The government has announced plans to outlaw the sale of new leasehold flats and to require the use of a revitalised commonhold system. The “Commonhold White Paper” was published on 3 March and will be followed by a Leasehold and Commonhold Reform Bill later this year. Although the framework for a commonhold system was introduced in 2002, take up by the property industry has been extremely limited. The government needs to overcome this reticence if its plans are to succeed. Commonhold is a form of freehold ownership without a third-party landlord and with each owner of a unit dealing with management issues through a commonhold association. The main advantage of commonhold is that ownership lasts forever without the often complicated and costly need for a lease extension or enfranchisement. Of course, commonhold does not avoid the need for co-operation among owners as well as active participation in management issues, backed by an effective dispute resolution process and enforcement regime.

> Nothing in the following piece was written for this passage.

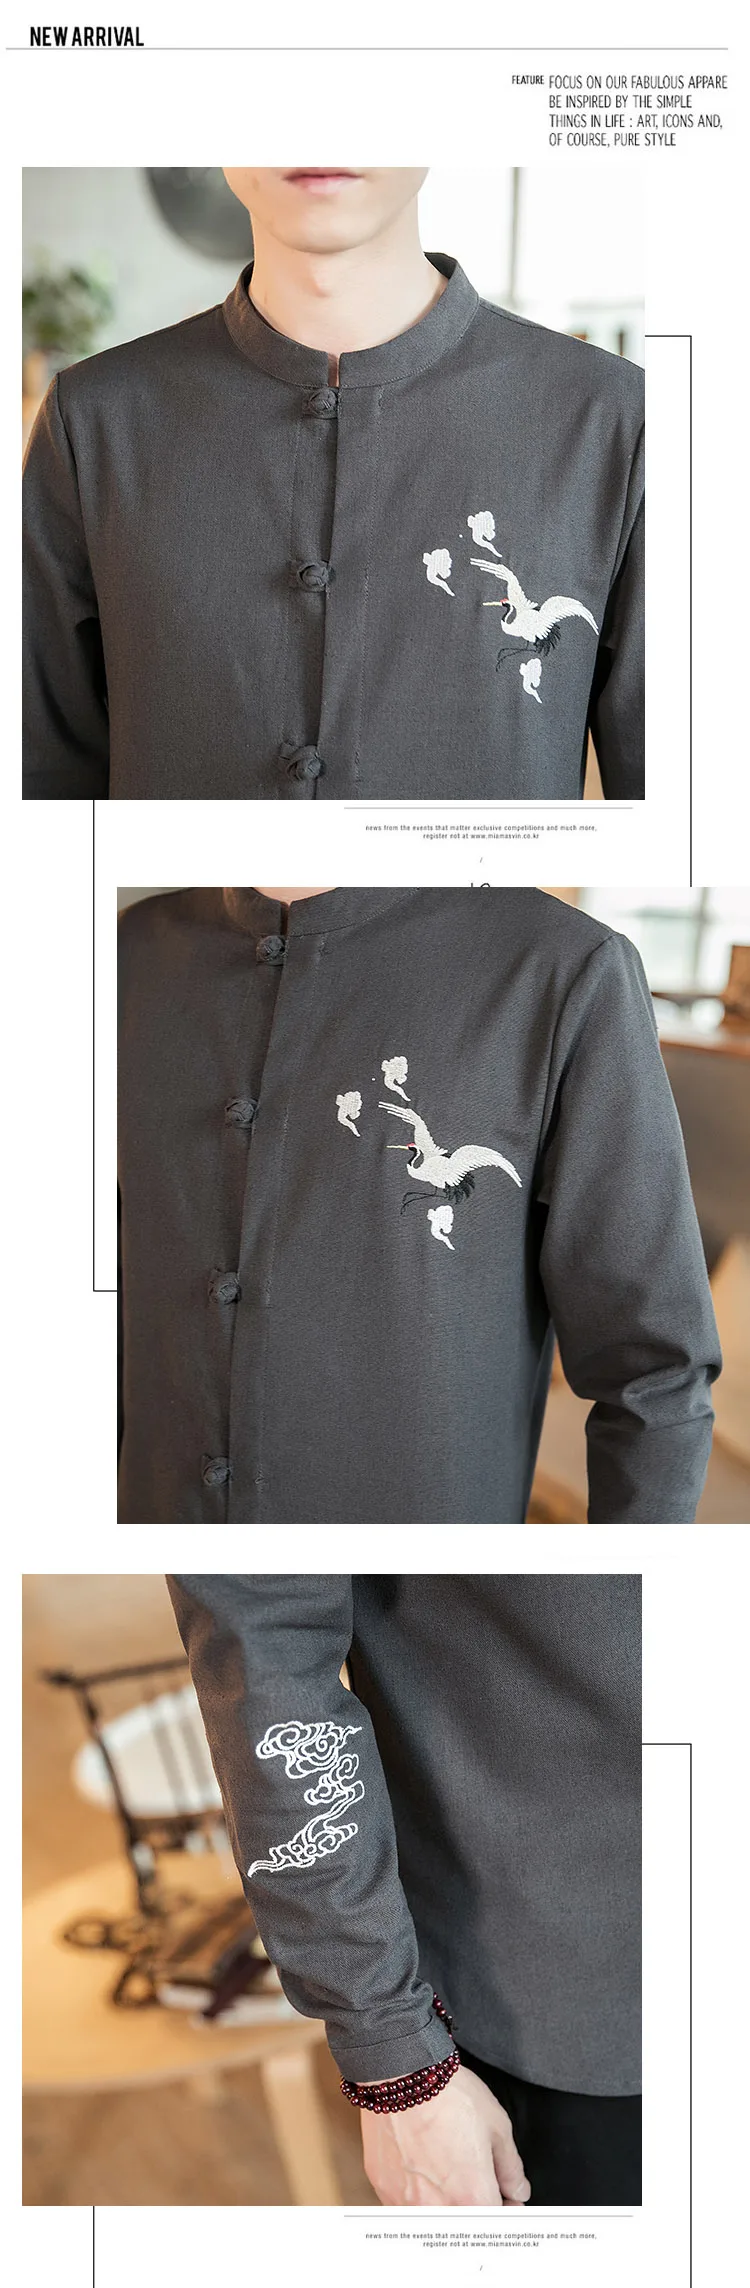 Sinicism магазин мужской кран вышивка рубашки с длинными рукавами для мужчин Осенняя винтажная одежда в китайском стиле Мужская негабаритная Свободная рубашка

The government plans to address concerns with the existing regime and to make commonhold more flexible to accommodate the full range of buildings, as well as mixed-use developments. It is essential that the revised system works for developers and funders, as well as unit owners. The new regime is also expected to simplify the conversion of existing leasehold structures into commonhold while accommodating those tenants who do not wish to convert. There is a great deal of work to be done if the government is to secure the confidence of the property industry and introduce a workable new regime by the end of this parliament.
Safe from harm
Terrorism (Protection of Premises) Bill
The Terrorism (Protection of Premises) Bill is aimed at improving safety at certain events and premises. The new regime is also known as “Martyn’s Law” after one of the victims of the Manchester Arena terror attack. The regime will apply to certain premises and to events which are open to the public and expected to attract 800 or more people. Those responsible for qualifying events or qualifying premises are responsible for putting in place public protection measures to reduce the risk of harm in the event of an act of terrorism. Government guidance sets out some examples of reasonable and appropriate steps and procedures which the responsible person should consider. Measures may include monitoring through surveillance, controlling the flow of people, the physical safety and security of the premises and the security of sensitive information, such as floor plans and security schedules. The responsible person will also need to maintain a statement of the safety procedures and put in place notification procedures. The new regime will apply to the owners, occupiers and managing agents of larger premises and those with responsibility for running larger events. There are estimated to be 154,600 premises in the UK that will be subject to the standard duty requirements and 24,300 in respect of the enhanced duty requirements.
The heat is on
EPC reform
The government has conducted a consultation on the reform of the EPC regime. The reform is part of its goal of achieving clean power by 2030 and net-zero emissions by 2050. EPCs are a key means of measuring the energy performance of most UK buildings. The government has proposed a reformed Energy Performance of Buildings (EPB) framework. The proposals also include new metrics for assessing the energy efficiency of buildings to ensure the process is up-to-date and to allow clear performance benchmarks to be determined. The intention is to provide a more comprehensive measure of a building’s energy performance. The potential metrics include energy cost, carbon, energy use, fabric performance, heating systems and smart readiness. The government has proposed that fabric performance, smart readiness, heating systems and energy cost should apply to domestic premises while the carbon metric should be maintained as the single headline metric for non-domestic buildings. The distinction between domestic and non-domestic buildings reflects the differences in how energy is used in residential and commercial properties.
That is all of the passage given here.